Wan Zhiyu, Vorobeychik Yevgeniy, Xia Weiyi, Clayton Ellen Wright, Kantarcioglu Murat, Malin Bradley
Department of Electrical Engineering and Computer Science, Vanderbilt University, Nashville, TN 37212, USA.
Department of Electrical Engineering and Computer Science, Vanderbilt University, Nashville, TN 37212, USA.
Am J Hum Genet. 2017 Feb 2;100(2):316-322. doi: 10.1016/j.ajhg.2016.12.002. Epub 2017 Jan 5.
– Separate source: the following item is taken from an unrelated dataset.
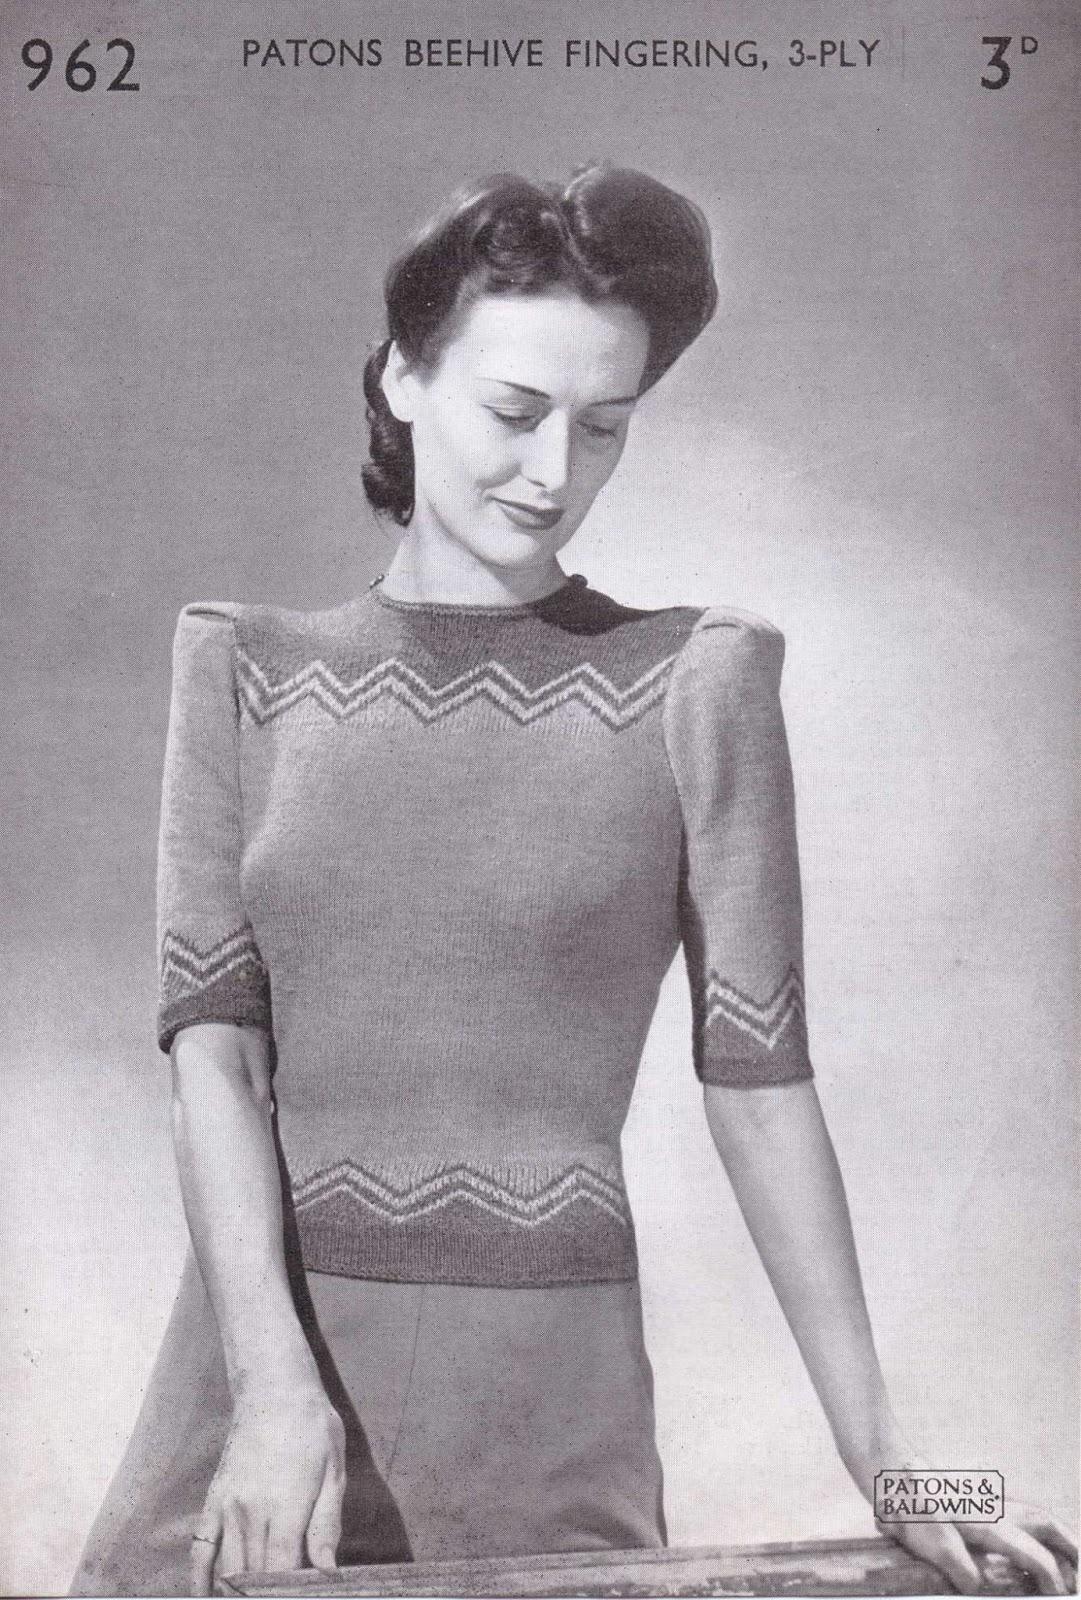 Free Vintage Knitting Patterns 1940s : The Vintage Pattern Files: 1940s Knitting - Zig Zag Top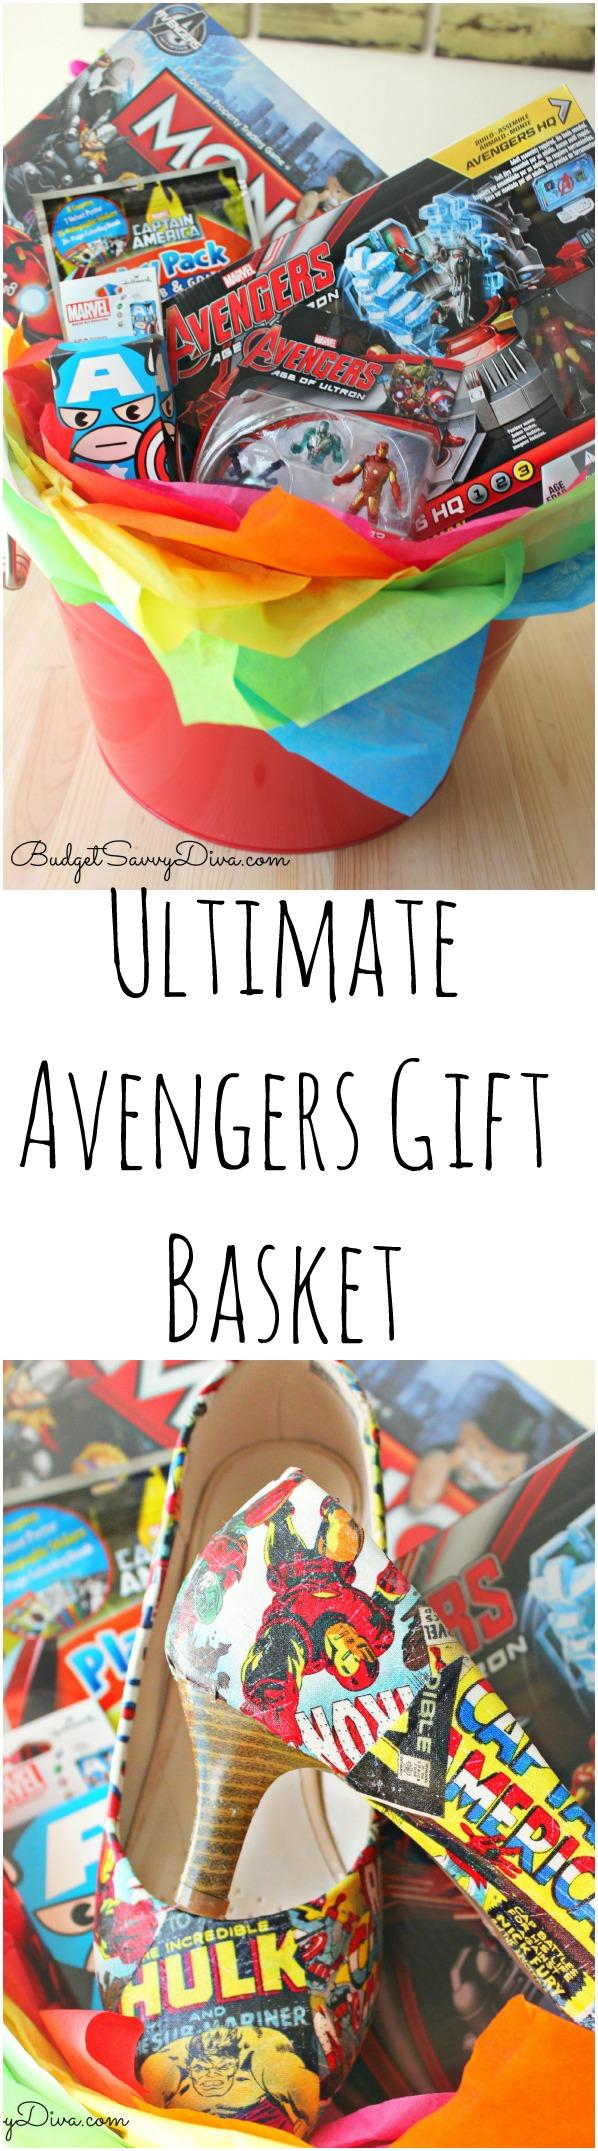 FINAL Gift Basket

Emerging scientific endeavors are creating big data repositories of data from millions of individuals. Sharing data in a privacy-respecting manner could lead to important discoveries, but high-profile demonstrations show that links between de-identified genomic data and named persons can sometimes be reestablished. Such re-identification attacks have focused on worst-case scenarios and spurred the adoption of data-sharing practices that unnecessarily impede research. To mitigate concerns, organizations have traditionally relied upon legal deterrents, like data use agreements, and are considering suppressing or adding noise to genomic variants. In this report, we use a game theoretic lens to develop more effective, quantifiable protections for genomic data sharing. This is a fundamentally different approach because it accounts for adversarial behavior and capabilities and tailors protections to anticipated recipients with reasonable resources, not adversaries with unlimited means. We demonstrate this approach via a new public resource with genomic summary data from over 8,000 individuals-the Sequence and Phenotype Integration Exchange (SPHINX)-and show that risks can be balanced against utility more effectively than with traditional approaches. We further show the generalizability of this framework by applying it to other genomic data collection and sharing endeavors. Recognizing that such models are dependent on a variety of parameters, we perform extensive sensitivity analyses to show that our findings are robust to their fluctuations.
新兴的科学研究正在创建包含数百万个体数据的大数据存储库。以尊重隐私的方式共享数据可能会带来重要发现,但一些备受瞩目的案例表明,去标识化的基因组数据与特定个人之间的联系有时可能会被重新建立。此类重新识别攻击主要集中在最坏的情况,并促使人们采用了一些不必要阻碍研究的数据共享做法。为了减轻担忧,各组织传统上依赖法律威慑手段,如数据使用协议,并正在考虑对基因组变异进行抑制或添加噪声处理。在本报告中,我们运用博弈论视角为基因组数据共享开发更有效、可量化的保护措施。这是一种根本不同的方法,因为它考虑了对抗性行为和能力,并根据预期接收者的合理资源而非手段无限的对手来定制保护措施。我们通过一个新的公共资源展示了这种方法,该资源包含来自8000多名个体的基因组汇总数据——序列与表型整合交换库(SPHINX),并表明与传统方法相比,风险与效用能够得到更有效的平衡。我们还通过将该框架应用于其他基因组数据收集和共享工作,展示了其通用性。鉴于此类模型依赖于各种参数,我们进行了广泛的敏感性分析,以表明我们的发现对其波动具有稳健性。